When something looks wrong in the output, re-run with -v DEBUG --log-file debug.log. The log will contain pixel size detection details, resampling parameters, region info, and timing for each step.

Resampling (Advanced)¶

These options control how spectra are mapped onto a common mass axis. In most cases the defaults work well -- Thyra auto-detects the instrument type and chooses an appropriate method and bin count.

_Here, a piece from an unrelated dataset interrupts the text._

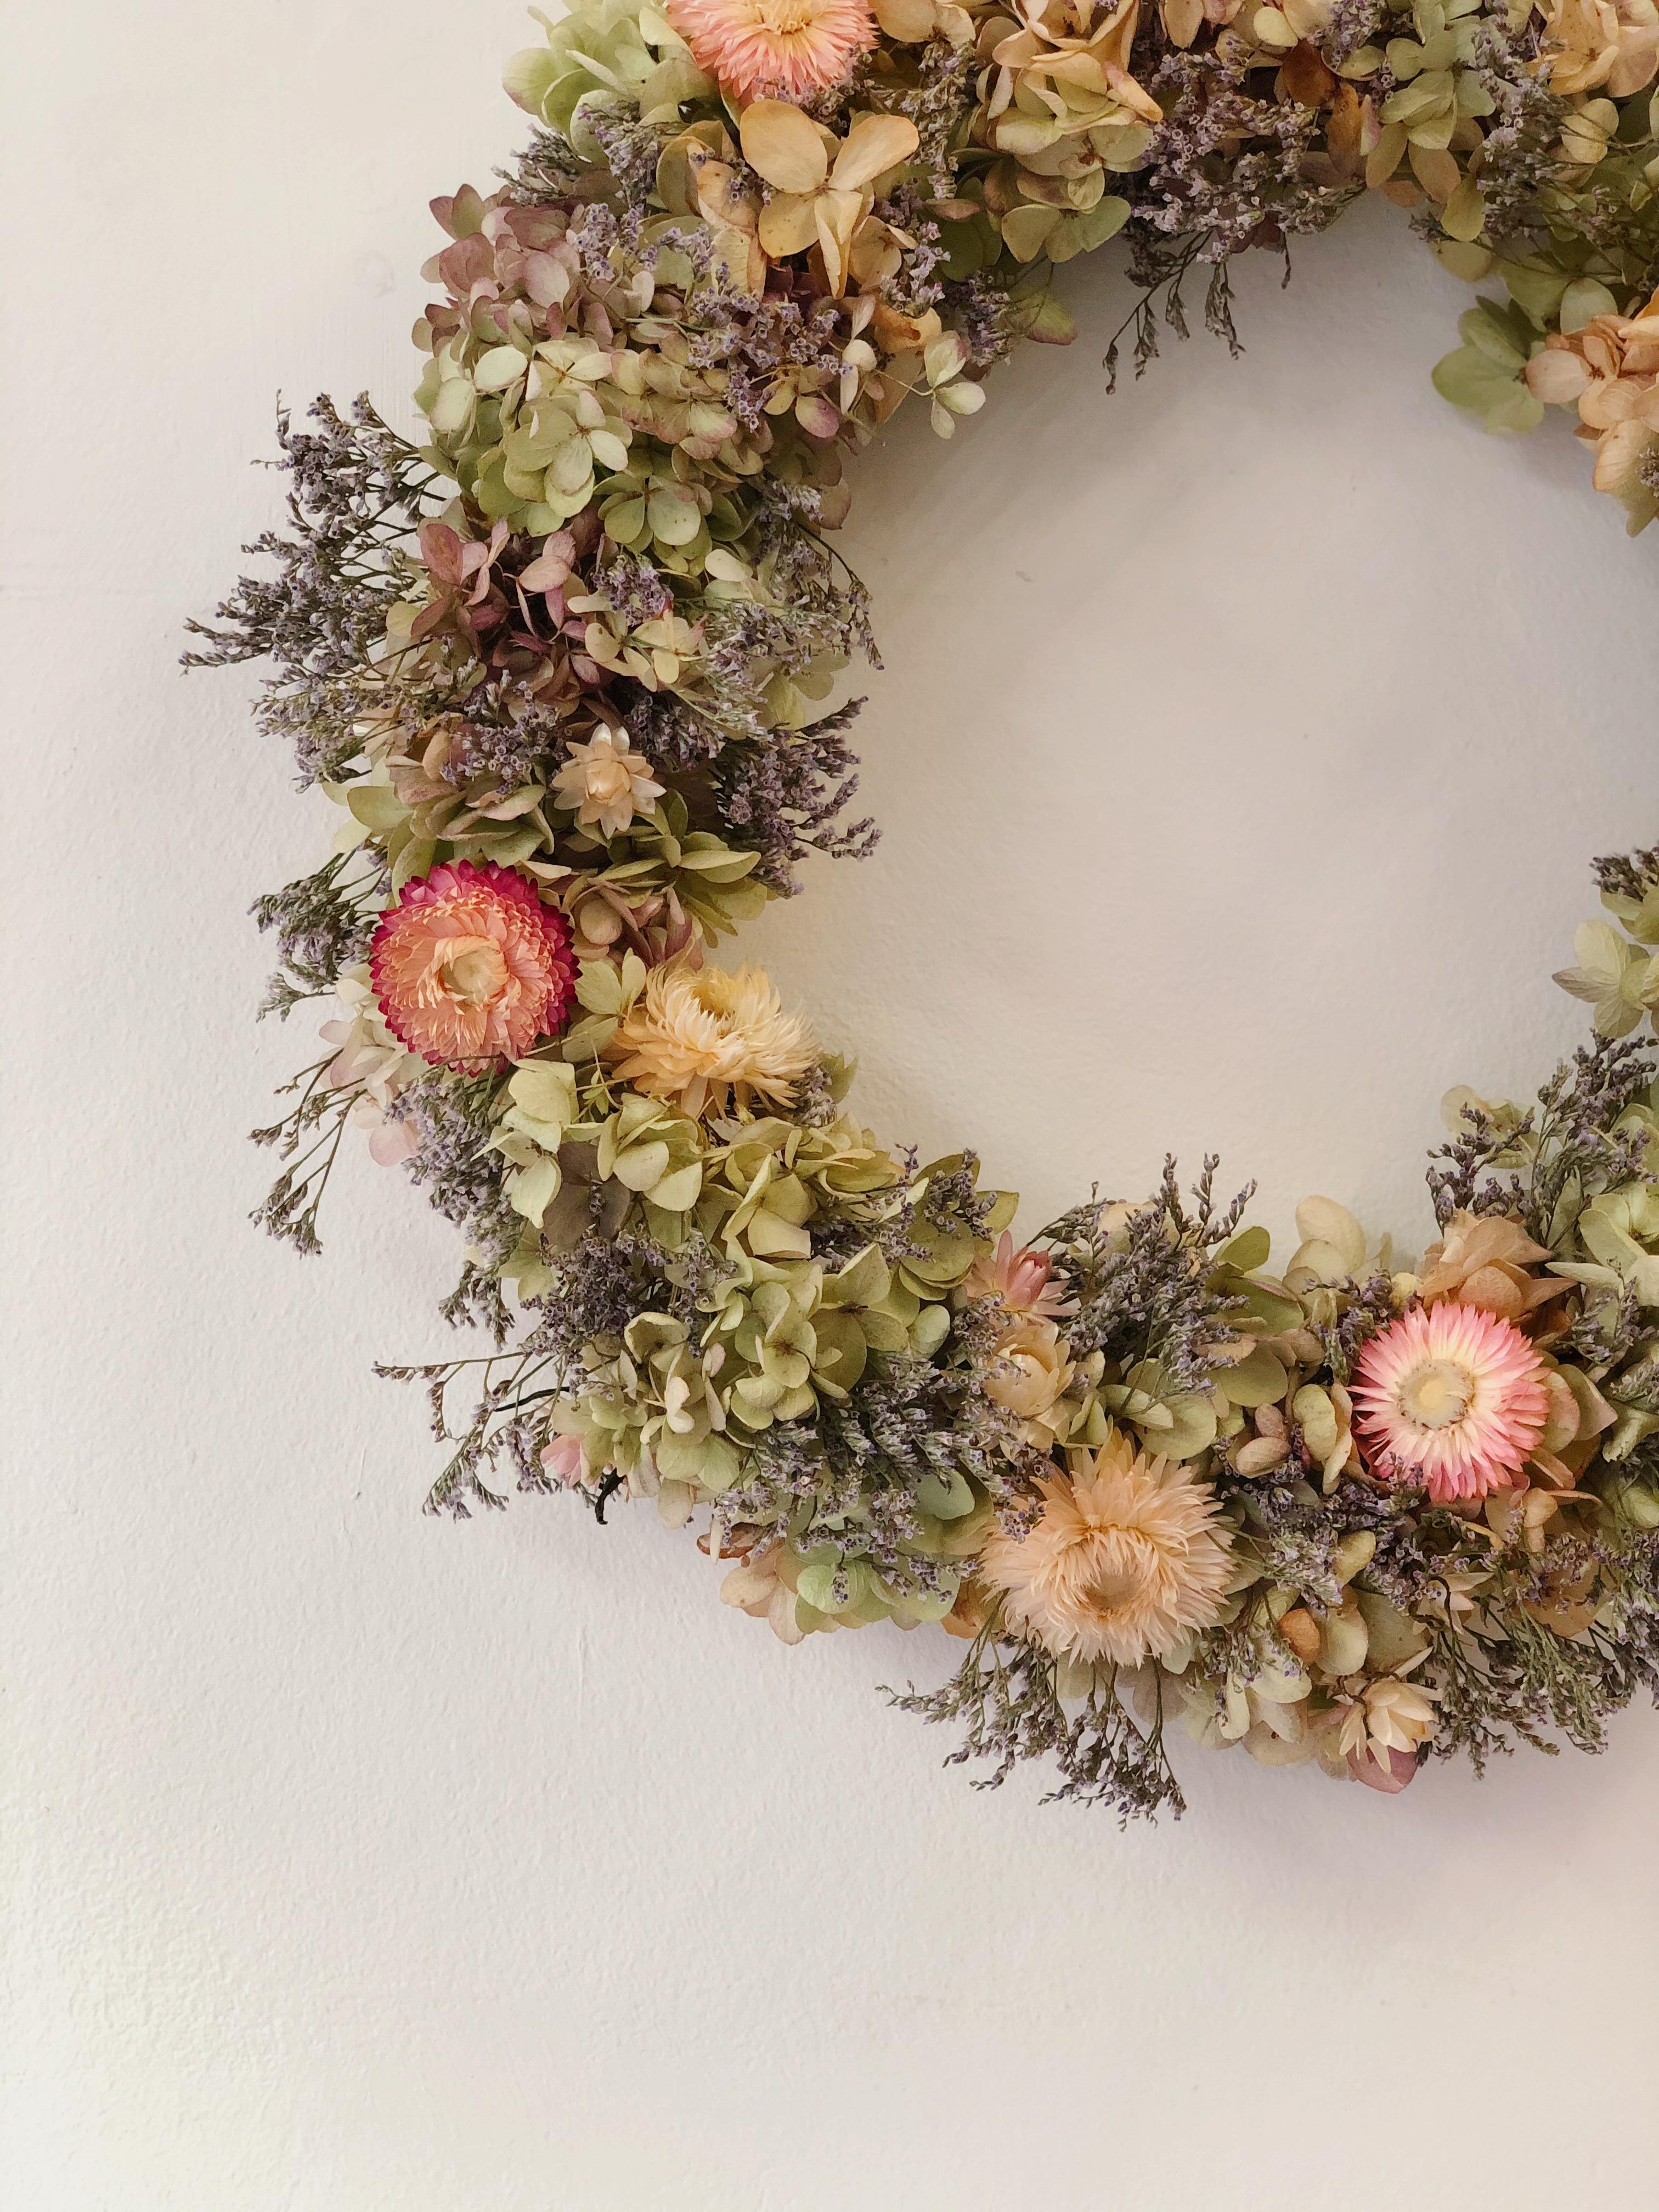 Dried flower wreath - Vintage

Option	Default	Description
`--resample-method METHOD`	`auto`	`auto`, `nearest_neighbor`, or `tic_preserving`
`--mass-axis-type TYPE`	`auto`	`auto`, `constant`, `linear_tof`, `reflector_tof`, `orbitrap`, `fticr`
`--resample-bins INTEGER`	auto	Number of bins (mutually exclusive with `--resample-width-at-mz`)
`--resample-min-mz FLOAT`	auto	Minimum m/z value
`--resample-max-mz FLOAT`	auto	Maximum m/z value
`--resample-width-at-mz FLOAT`	auto	Mass width in Da at reference m/z for physics-based binning
`--resample-reference-mz FLOAT`	`1000.0`	Reference m/z for width specification

Choosing a resampling method

nearest_neighbor -- Fast, simple assignment to nearest bin. Good for data that is already close to uniformly spaced.
tic_preserving -- Distributes intensity proportionally across bins. Better for high-resolution data (Orbitrap, FTICR) where bin widths vary.
auto -- Picks tic_preserving for high-resolution instruments, nearest_neighbor otherwise.

Choosing a mass axis type

The axis type determines how bin widths scale with m/z:

constant -- Uniform bin width (Da). Suitable for MALDI-TOF in linear mode.
linear_tof -- Width scales as sqrt(m/z). Matches TOF resolution.
reflector_tof -- Width scales linearly with m/z (constant relative resolution). Matches reflector TOF.
orbitrap -- Width scales as m/z^(3/2). Matches Orbitrap resolution.
fticr -- Width scales as m/z^2. Matches FTICR resolution.
auto -- Detected from instrument metadata.

Examples¶

# Physics-based resampling for Orbitrap data
thyra input.imzML output.zarr \
    --resample-method tic_preserving \
    --mass-axis-type orbitrap

# Fixed number of bins
thyra input.imzML output.zarr --resample-bins 50000

# Restrict mass range
thyra input.imzML output.zarr --resample-min-mz 100 --resample-max-mz 1000

# Specify bin width at a reference m/z (physics-based)
thyra input.imzML output.zarr \
    --resample-width-at-mz 0.01 \
    --resample-reference-mz 500

Performance¶

Option	Default	Description
`--streaming [auto\\|true\\|false]`	`auto`	Streaming mode for large datasets
`--optimize-chunks`	off	Optimise Zarr chunks after conversion
`--sparse-format [csc\\|csr]`	`csc`	Sparse matrix storage format

Streaming mode

auto (default) -- Thyra estimates dataset size and enables streaming for datasets over ~10 GB.
true -- Force streaming. Useful if auto-detection underestimates.
false -- Force standard (in-memory) conversion.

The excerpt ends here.